For instance, assume you have the following debts:

A.    A credit card loan of $2,500 at 8.5 percent

B.    A home loan of $10,000 at 3 percent

C.    A student loan of $8,000 at 6 percent

D.    Another student loan of $7,000 at 5.2 percent

E.    A car loan of $18,000 at 5.5 percent

Using the Avalanche method, you would pay A, C, E, D, and then B in that order. However, it is hard to experience the wins unless you are highly motivated. Therefore, you might end up paying more interest if you do not remain motivated and committed to your goals.

With the Debt Snowball method, the wins come easily. Here, you would pay your debts in the following order: A, D, C, B, and then E.    

However, it does not make sense to pay the least-balance debt or the highest-interest debt first. What if you used both the debt balances and interest rates to repay your loans? Simply divide the debt balances by their interests and then order the results from the smallest to the largest.
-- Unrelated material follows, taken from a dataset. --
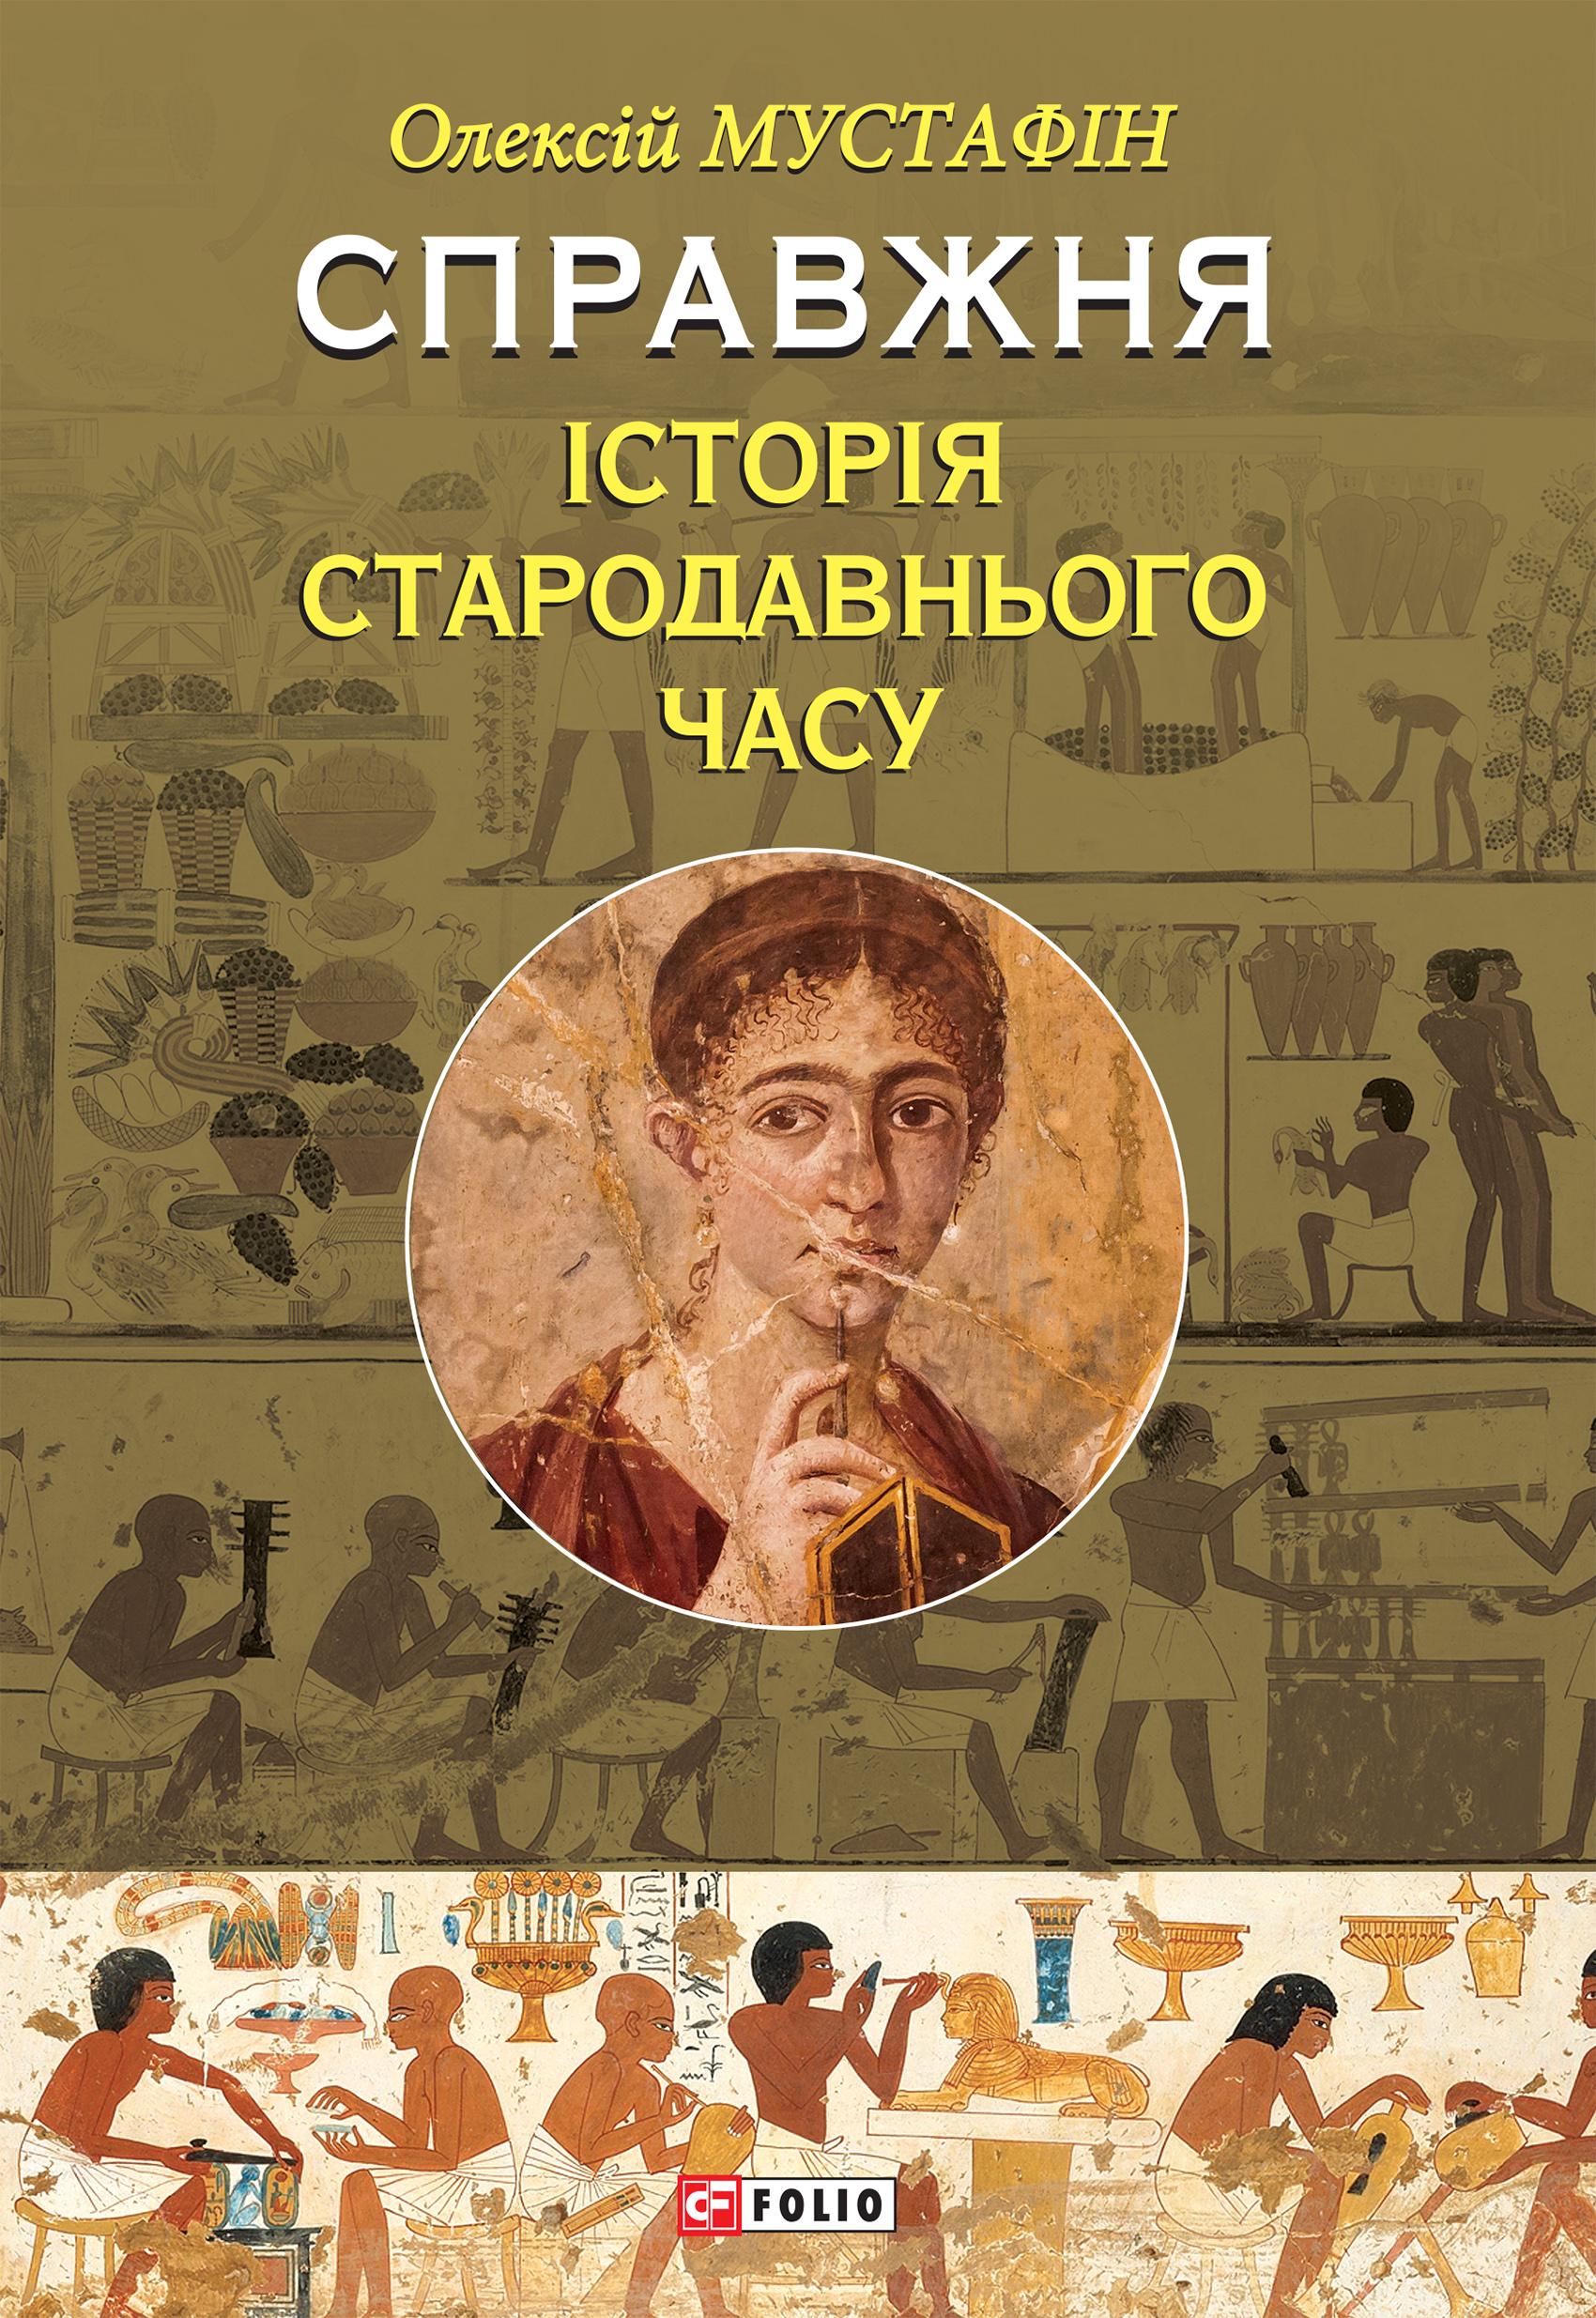 Олексій Мустафін Справжня історія Стародавнього часу

Here, you would repay your debts in this following order: A, C, D, E, and then B.

This is referred to as the Debt Spiral method and has both the benefit of the Debt Snowball method, that is, it spread out the wins quickly, and the Debt Avalanche method, that is, it reduces the total interest you pay.

More on Getting Out of the Debt Spiral

Debt Consolidation

One of the best ways to get out of the debt spiral is debt consolidation. This allows you to take all your debts, which might be several bills and payments, then combine them into one payment. After this, you will be making one payment every month to repay all the debts off. Debt consolidation is a crucial weapon for anyone in a debt spiral. It enables you to start bringing things back in order.

Seeking help from a debt counselor

Another way of getting out of your debt spiral is getting help from a debt counselor. A debt counselor is a trained person who knows how to deal with debt that is out of control. Usually, they are highly successful at doing it.

It is important to take the necessary steps whenever you realize you have a debt issue. For best results, ensure you have a budget, keep track of your expenses and ensure that your income is greater than your expenses.